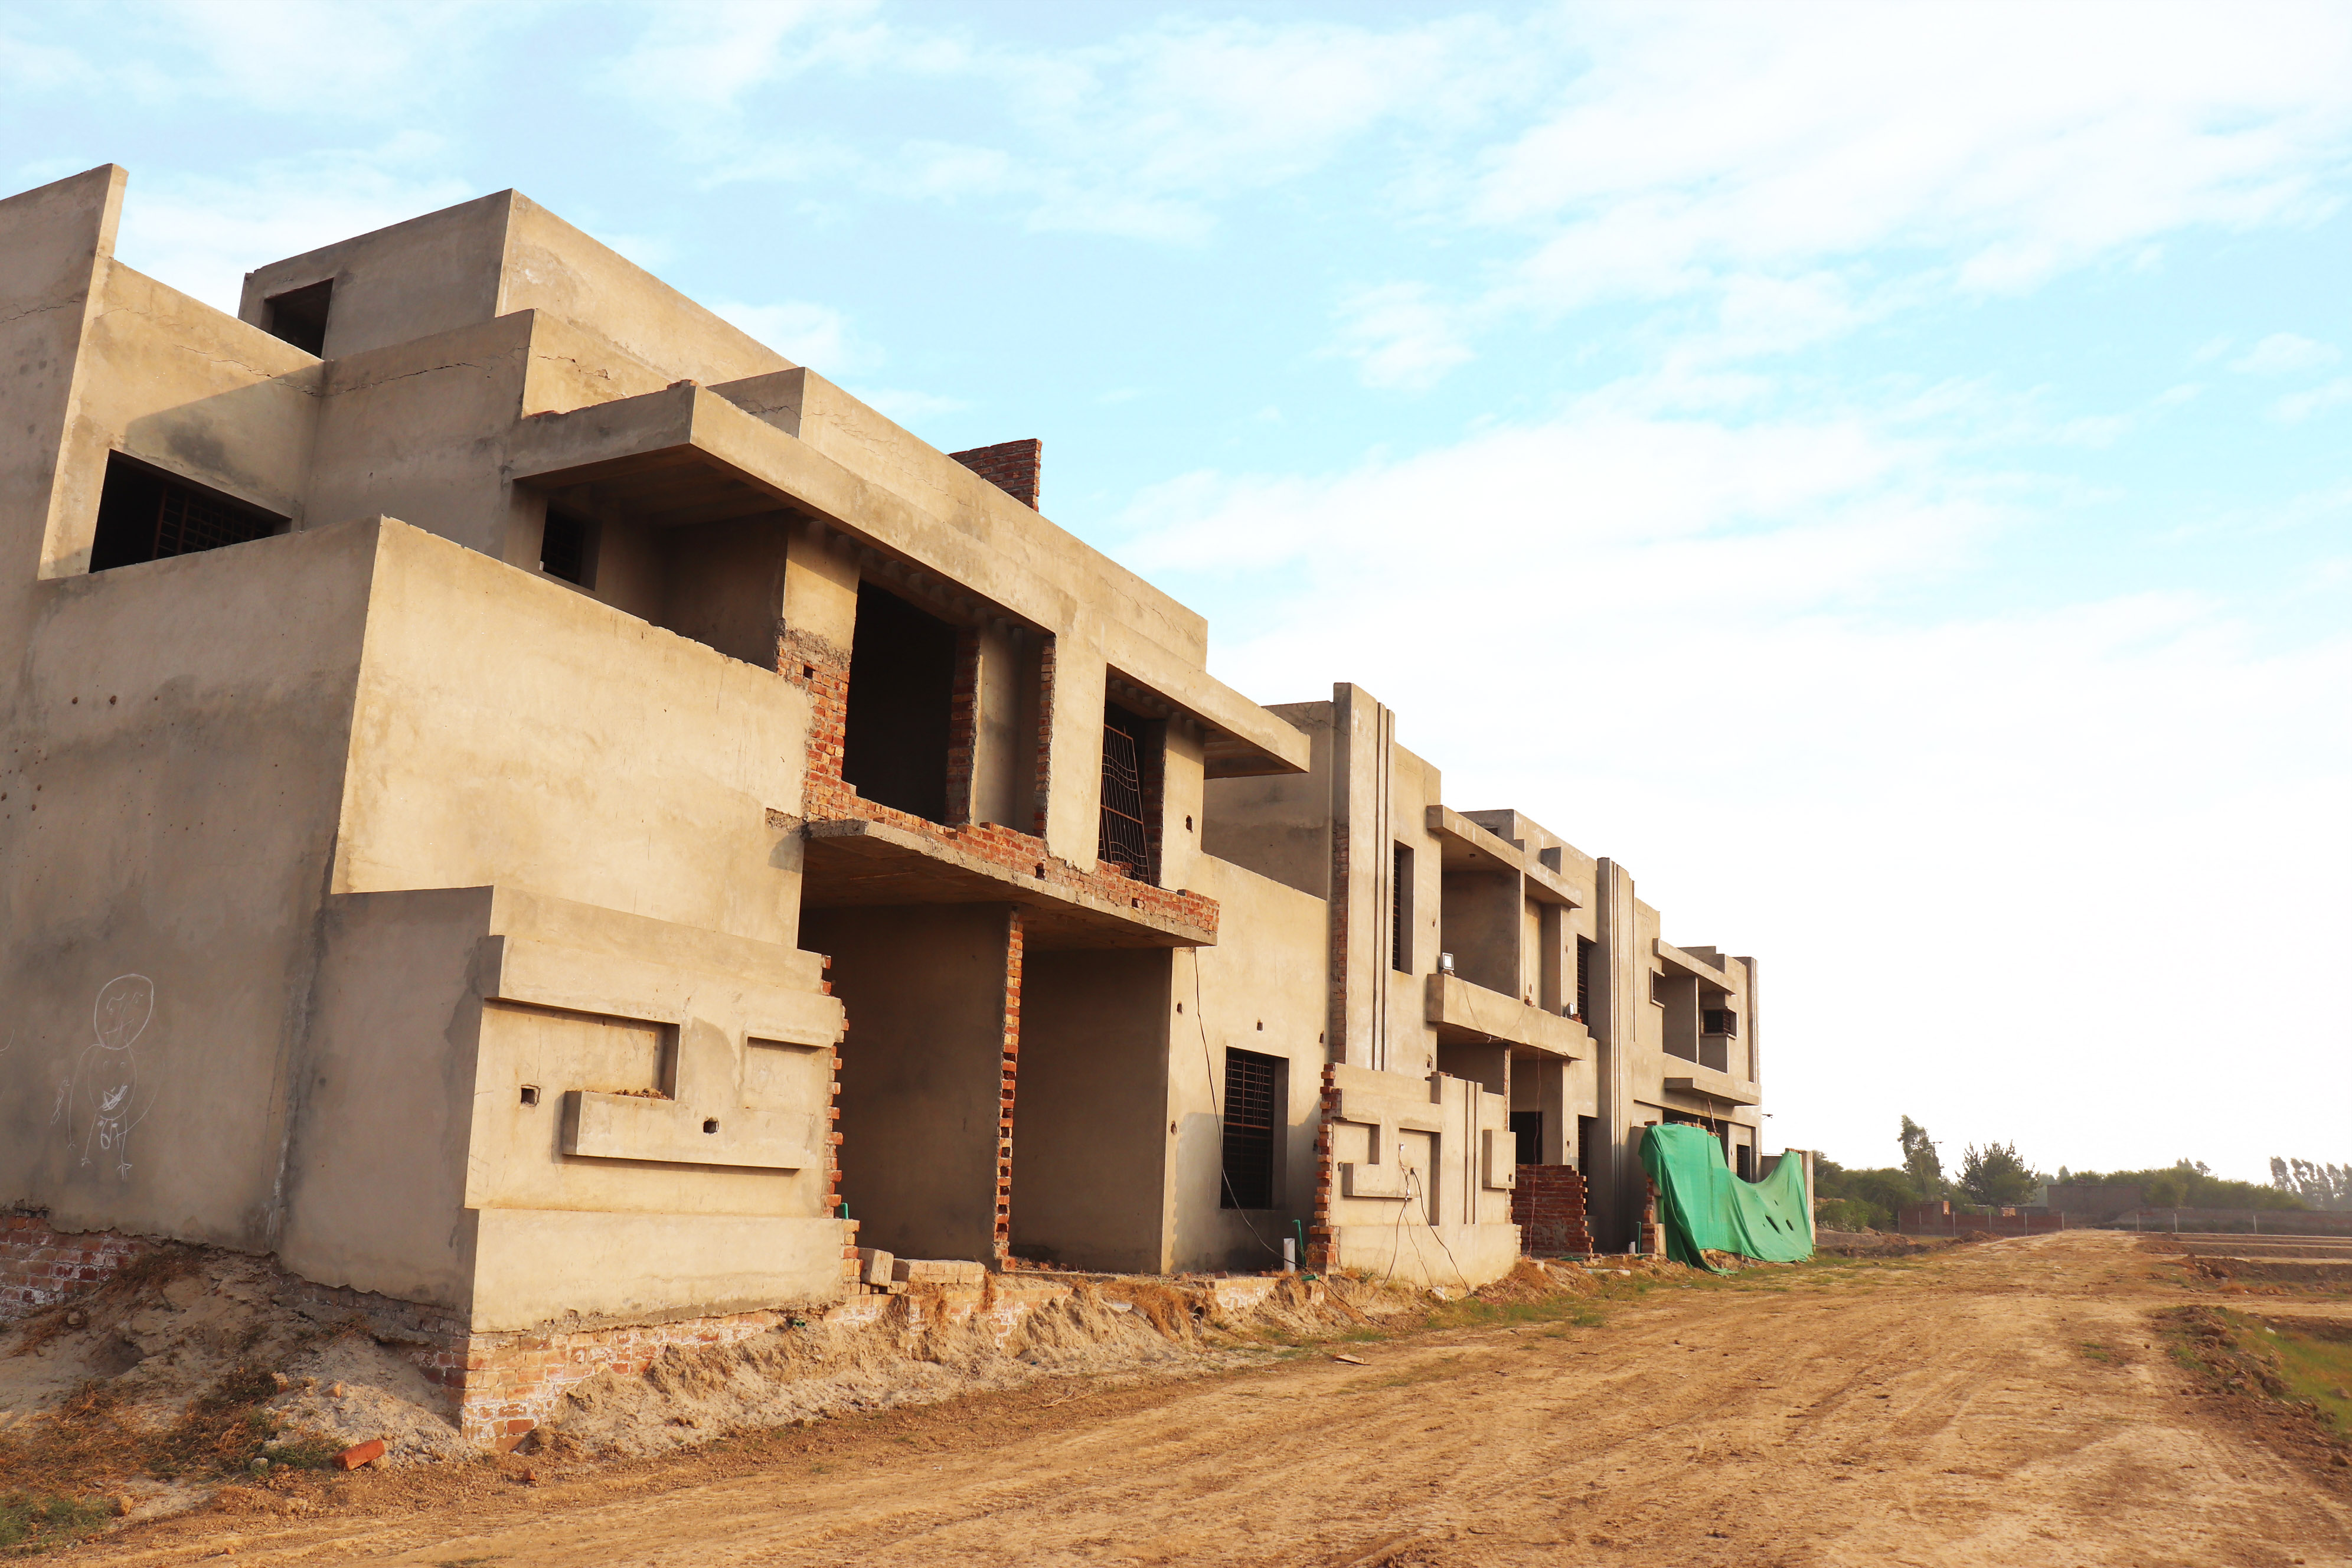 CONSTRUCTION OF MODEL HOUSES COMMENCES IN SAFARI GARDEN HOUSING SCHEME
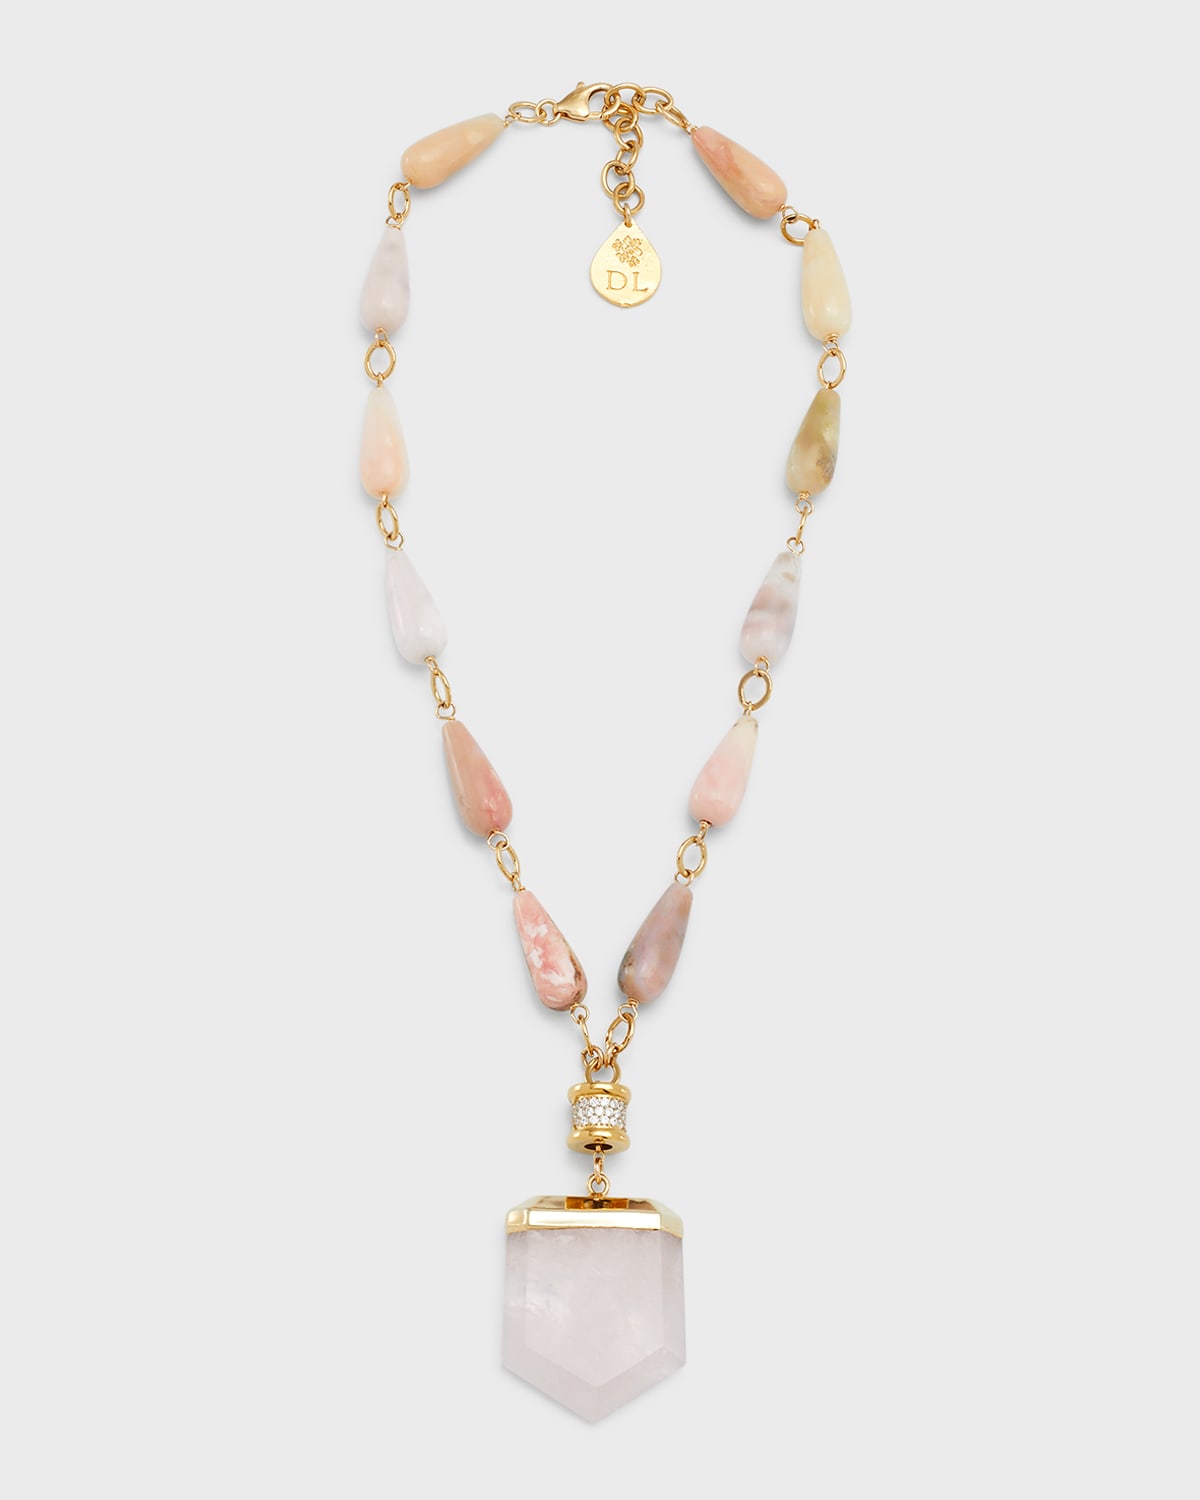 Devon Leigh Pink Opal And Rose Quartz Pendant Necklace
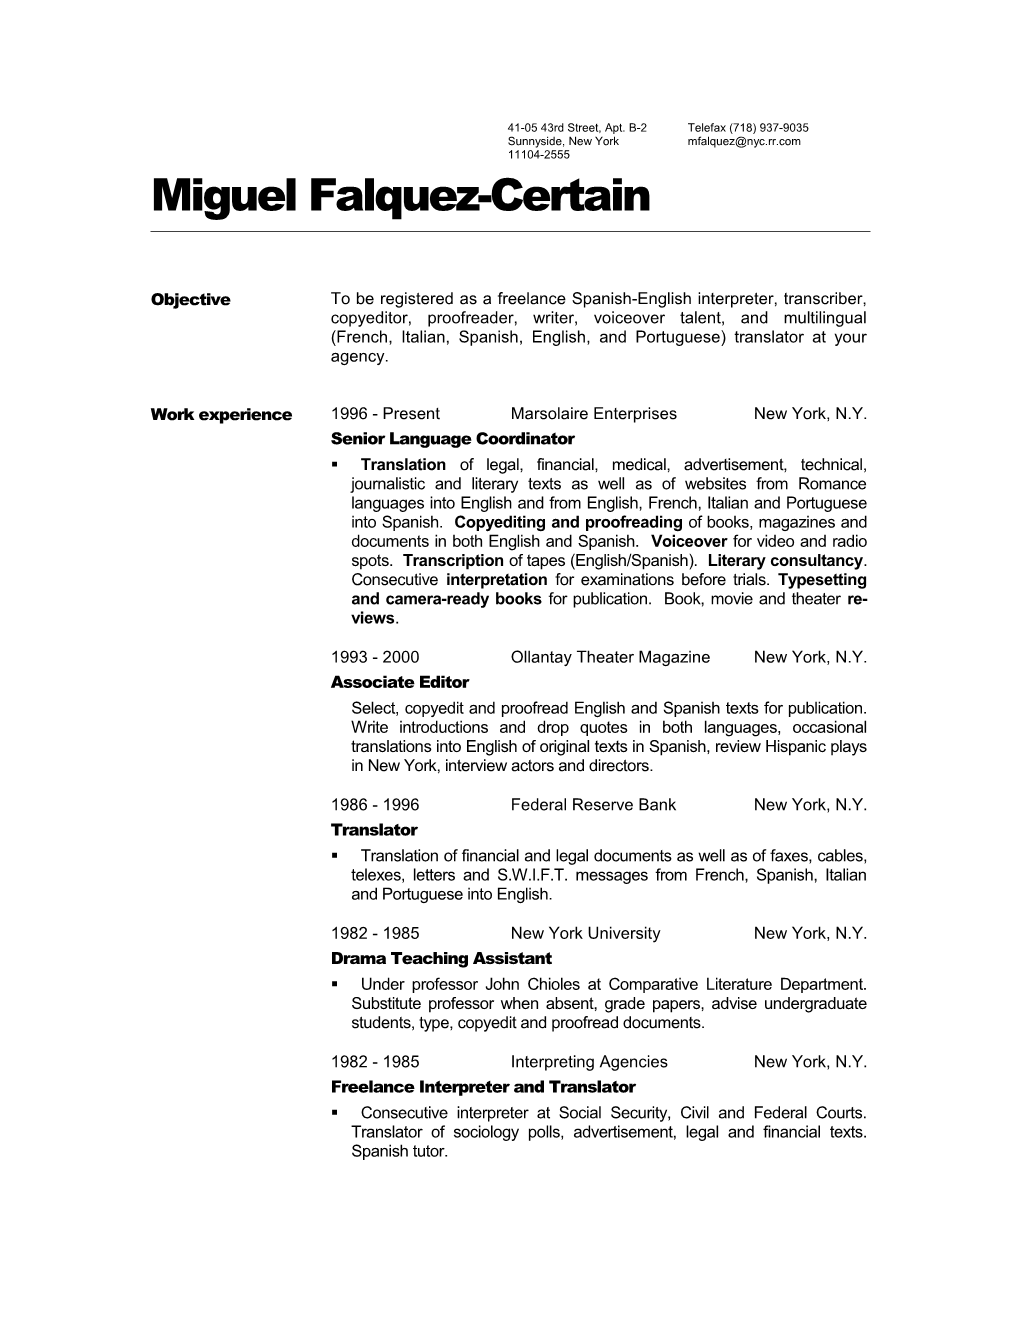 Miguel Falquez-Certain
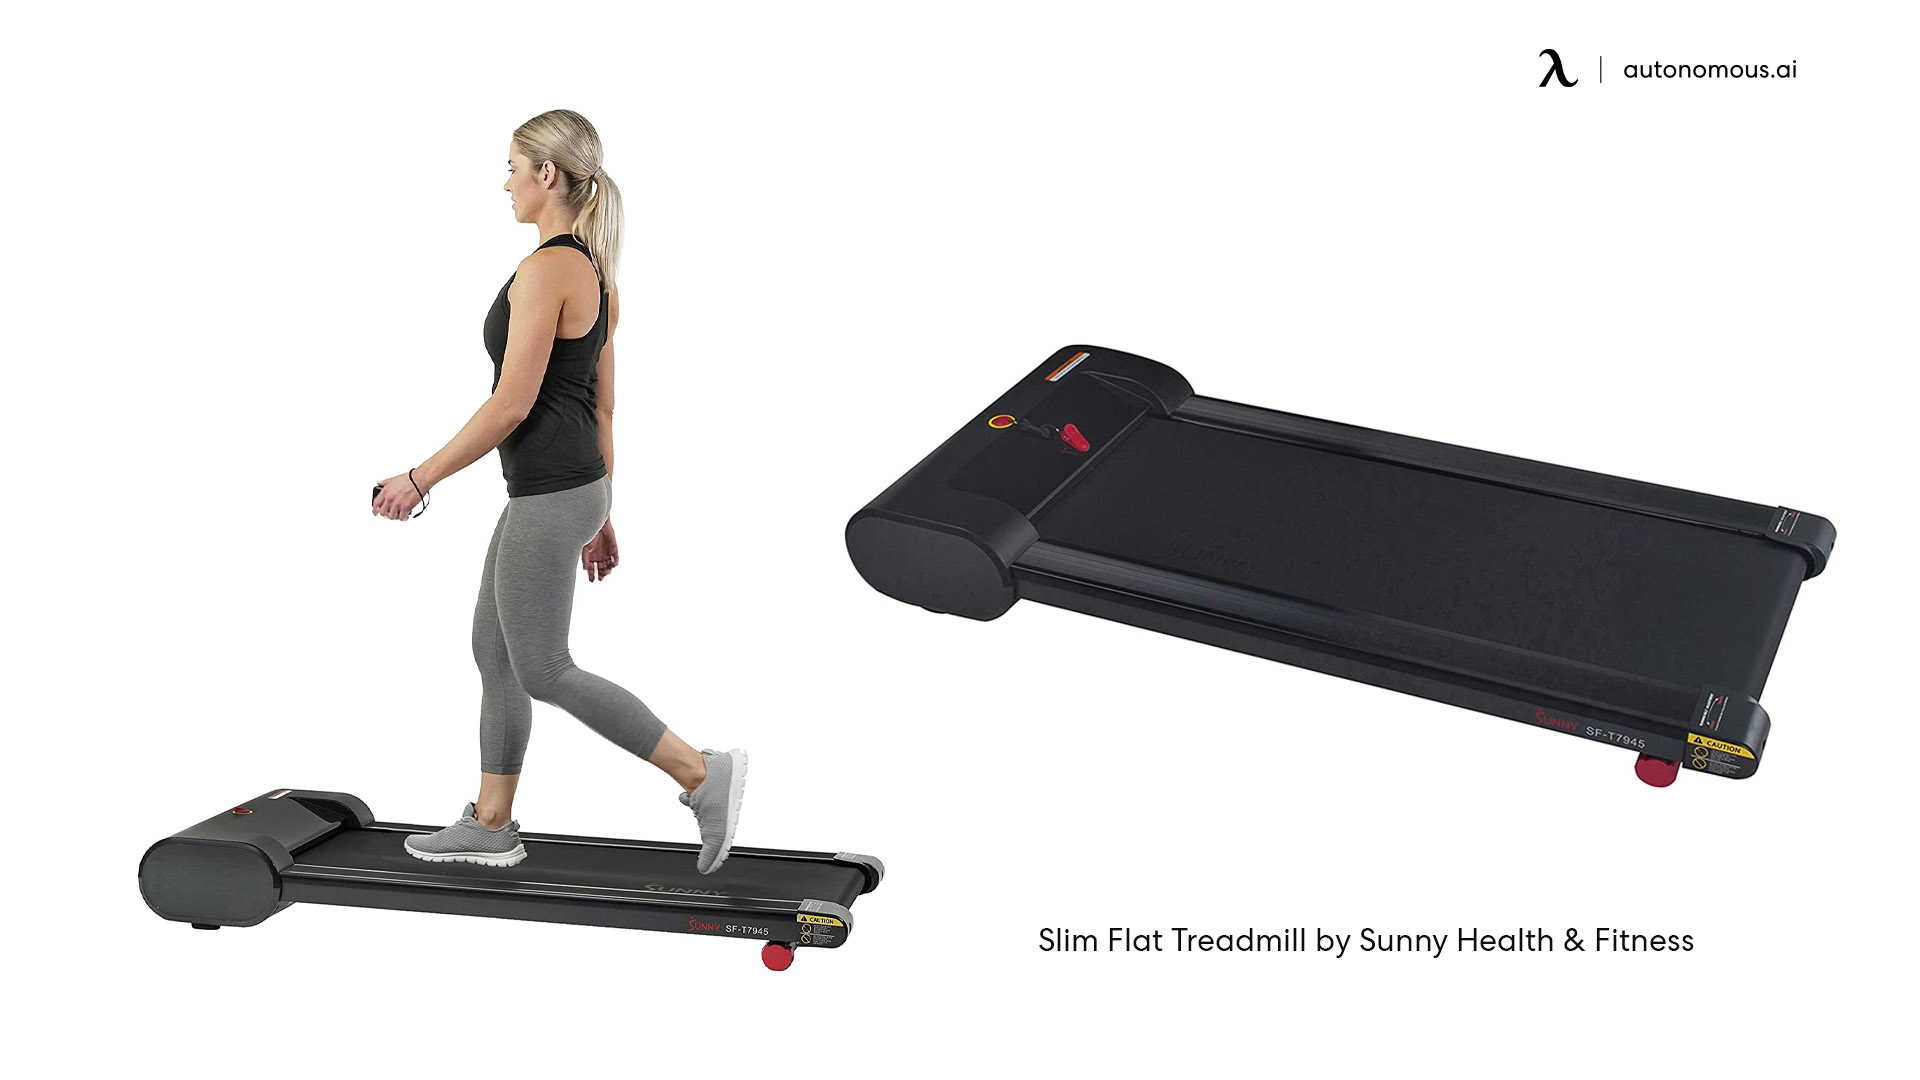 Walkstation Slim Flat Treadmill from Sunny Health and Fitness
■ ■ ■ ■ ■
◆ EXERCISE OBJECTIVE:
With pictures excluded, the data must be transcribed in full and to the letter.

◆ EXERCISE OUTPUT:
 CONSTRUCTION OF MODEL HOUSES COMMENCES IN SAFARI GARDEN HOUSING SCHEME
 Devon Leigh Pink Opal And Rose Quartz Pendant Necklace
 Miguel Falquez-Certain
 Walkstation Slim Flat Treadmill from Sunny Health and Fitness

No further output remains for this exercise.